A new investigation has accused employees at crypto trading platform Axiom of using private user data to make insider trades. Blockchain investigator ZachXBT published the report on February 26, 2026, claiming staff accessed internal tools to track user wallets and trade ahead of them.
According to the report, one of the main figures was Broox Bauer, a business development employee based in New York. The investigation claims he had access to dashboards that allowed him to search users by wallet address, referral code, or account ID. Leaked screenshots and recordings allegedly showed him discussing how he tracked wallets while trying to avoid detection.

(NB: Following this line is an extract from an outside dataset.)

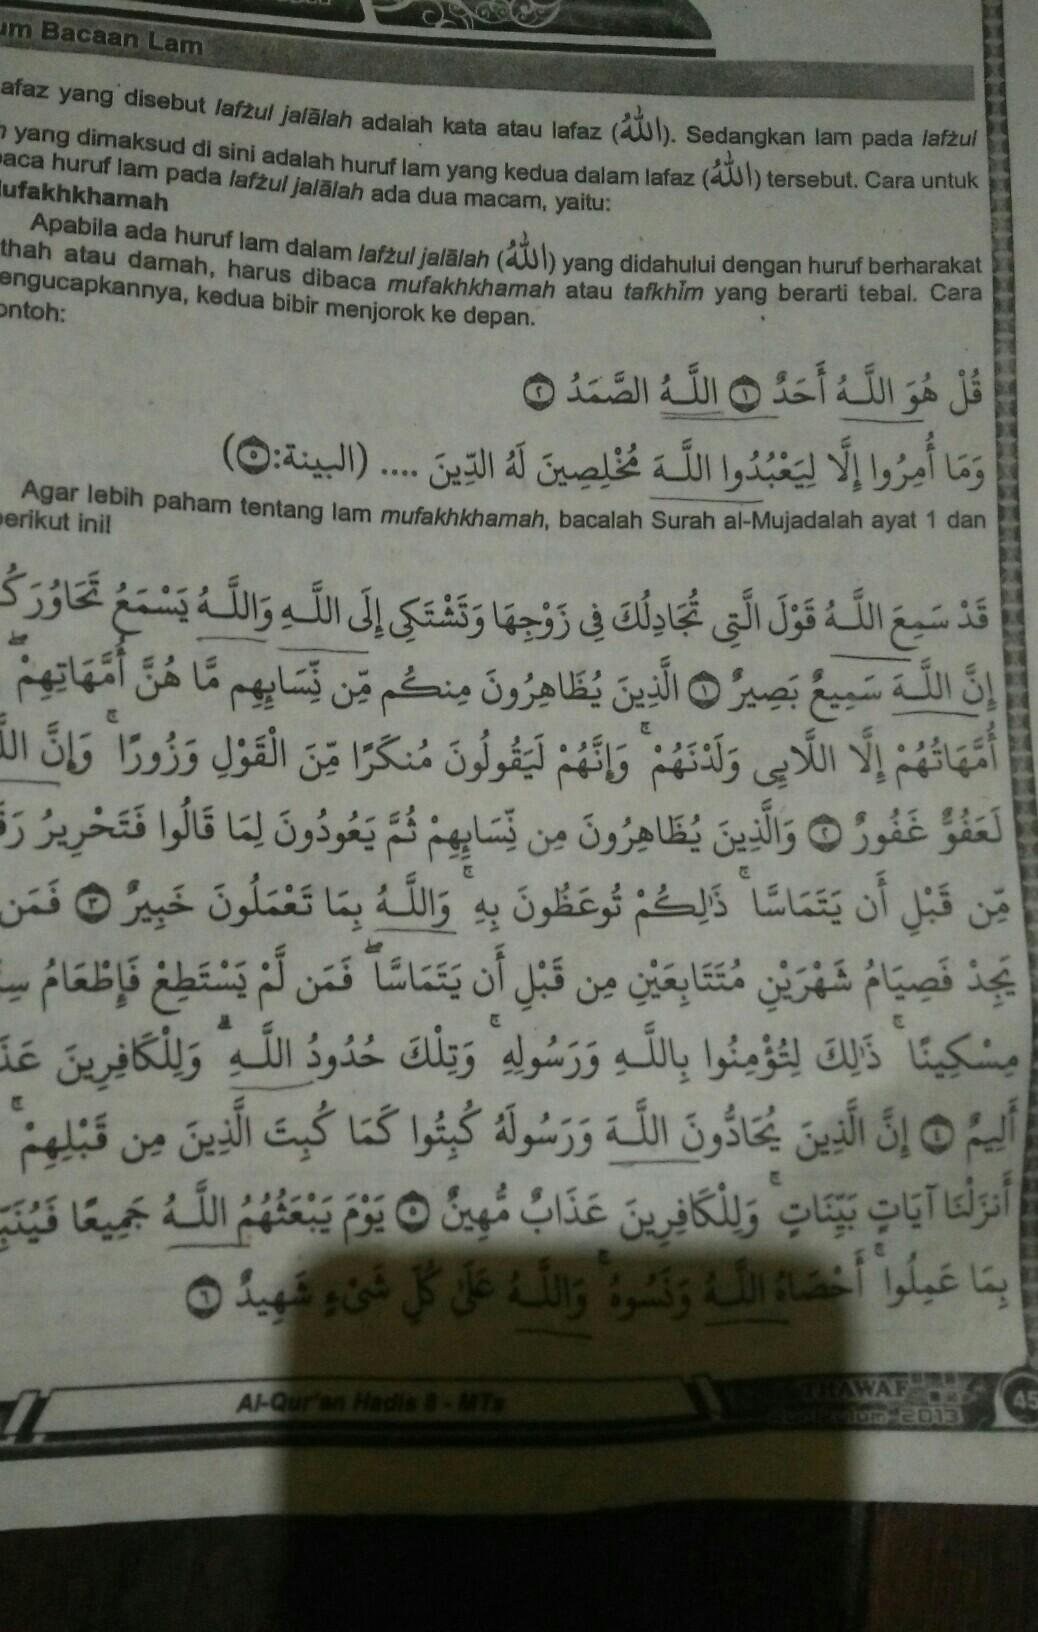 Sebutkan 10 Contoh Bacaan Lam Jalalah Tarqiq Dan 10 Bacaan Lam Jalalah Tafkhim Beserta Ayat Dan Brainly Co Id

The report said employees compiled lists of private wallets belonging to large traders and influencers. Some of the wallets reportedly matched data shared privately by those traders. Investigators believe this information could give employees an advantage by showing them which tokens major traders were buying or selling.
On-chain data also showed links between wallets connected to Bauer and heavy memecoin trading activity. Funds moved through multiple crypto exchanges, although the investigator said internal company records would be needed to fully confirm insider trading.
The investigation also triggered unusual betting activity on Polymarket, a crypto prediction platform. Traders placed large bets predicting Axiom would be exposed. Two wallets reportedly turned around $60,000 into about $109,000 shortly after the report went public.
Another bettor known as “predictorxyz” reportedly earned more than $411,000 after placing a bet when the odds were low. Analysts said the timing raised questions about whether some bettors had early access to non-public information.
Axiom responded to the allegations by saying it was “shocked and disappointed.” The company said it removed access to the tools involved and launched an internal investigation. It also promised to review its security systems and employee permissions.
The platform, founded in 2024, has grown quickly and reportedly generated hundreds of millions in revenue. The investigation has raised concerns about how crypto companies protect user data and prevent insider abuse.
It remains unclear whether authorities will take legal action. However, the case has already sparked debate about transparency, security, and trust in the fast-growing crypto industry.